In the light of the foregoing considerations, the answer to the second question is that, in striking the balance which is incumbent on a national court between the exclusive rights of the author referred to in Article 2(a) and in Article 3(1) of Directive 2001/29 on the one hand, and, on the other, the rights of the users of protected subject matter referred to in Article 5(3)(c), second case, and (d) of that directive, the latter of which derogate from the former, a national court must, having regard to all the circumstances of the case before it, rely on an interpretation of those provisions which, whilst consistent with their wording and safeguarding their effectiveness, fully adheres to the fundamental rights enshrined in the Charter.

Costs

77

Since these proceedings are, for the parties to the main proceedings, a step in the action pending before the national court, the decision on costs is a matter for that court. Costs incurred in submitting observations to the Court, other than the costs of those parties, are not recoverable.

 

On those grounds, the Court (Grand Chamber) hereby rules:

 

1.

Article 2(a) and Article 3(1) of Directive 2001/29/EC of the European Parliament and of the Council of 22 May 2001 on the harmonisation of certain aspects of copyright and related rights in the information society must be interpreted as constituting measures of full harmonisation of the scope of the exceptions or limitations which they contain.
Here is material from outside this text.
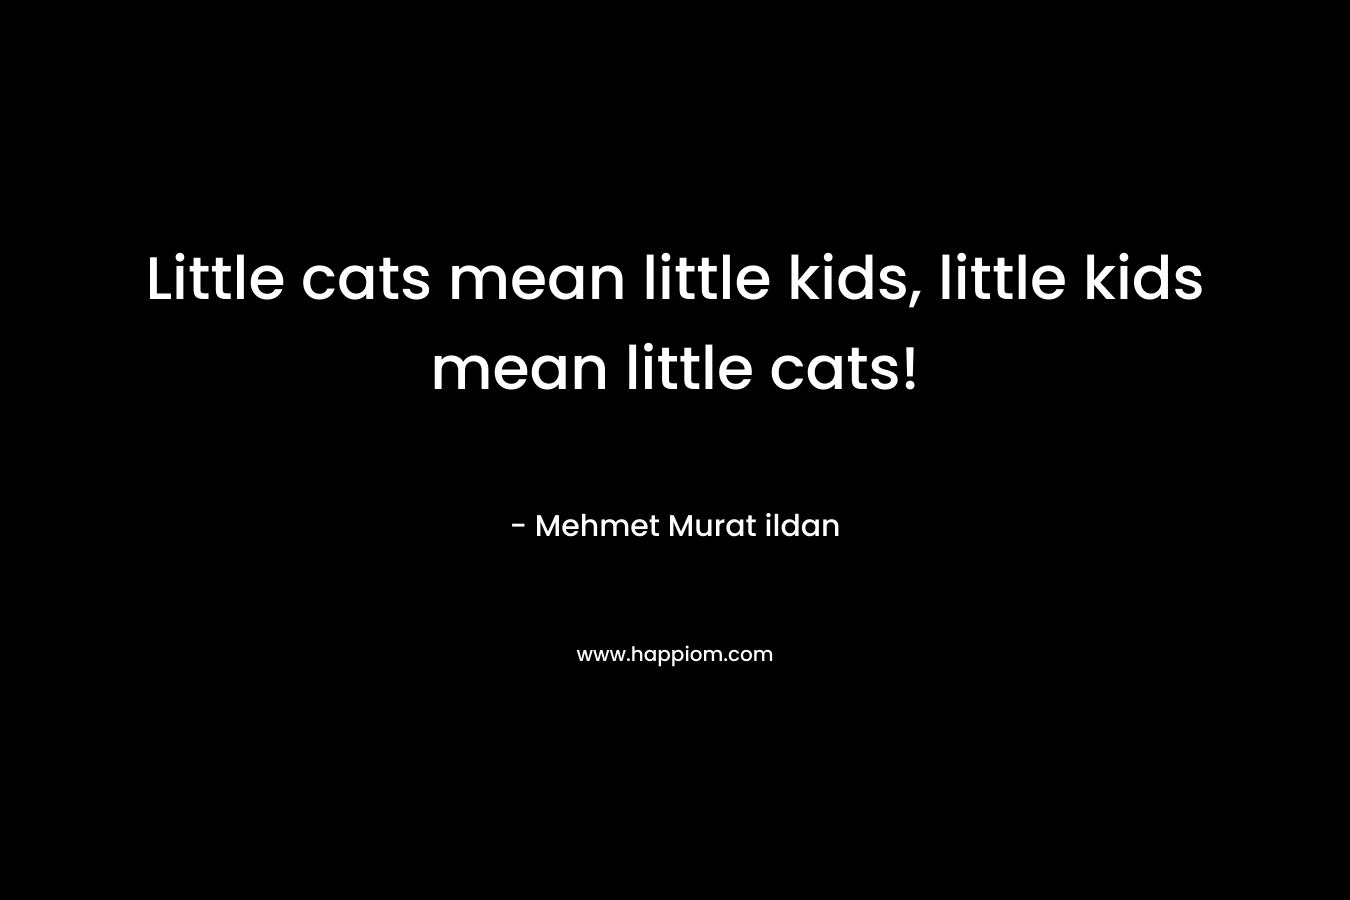 Little cats mean little kids, little kids mean little cats!

Article 5(3)(c), second case, and (d) of Directive 2001/29 must be interpreted as not constituting measures of full harmonisation of the scope of the relevant exceptions or limitations.

 

2.

Freedom of information and freedom of the press, enshrined in Article 11 of the Charter of Fundamental Rights of the European Union, are not capable of justifying, beyond the exceptions or limitations provided for in Article 5(2) and (3) of Directive 2001/29, a derogation from the author’s exclusive rights of reproduction and of communication to the public, referred to in Article 2(a) and Article 3(1) of that directive respectively.

 

3.

In striking the balance which is incumbent on a national court between the exclusive rights of the author referred to in Article 2(a) and in Article 3(1) of Directive 2001/29 on the one hand, and, on the other, the rights of the users of protected subject matter referred to in Article 5(3)(c), second case, and (d) of that directive, the latter of which derogate from the former, a national court must, having regard to all the circumstances of the case before it, rely on an interpretation of those provisions which, whilst consistent with their wording and safeguarding their effectiveness, fully adheres to the fundamental rights enshrined in the Charter of Fundamental Rights of the European Union.

 

[Signatures]


( *1 ) Language of the case: German.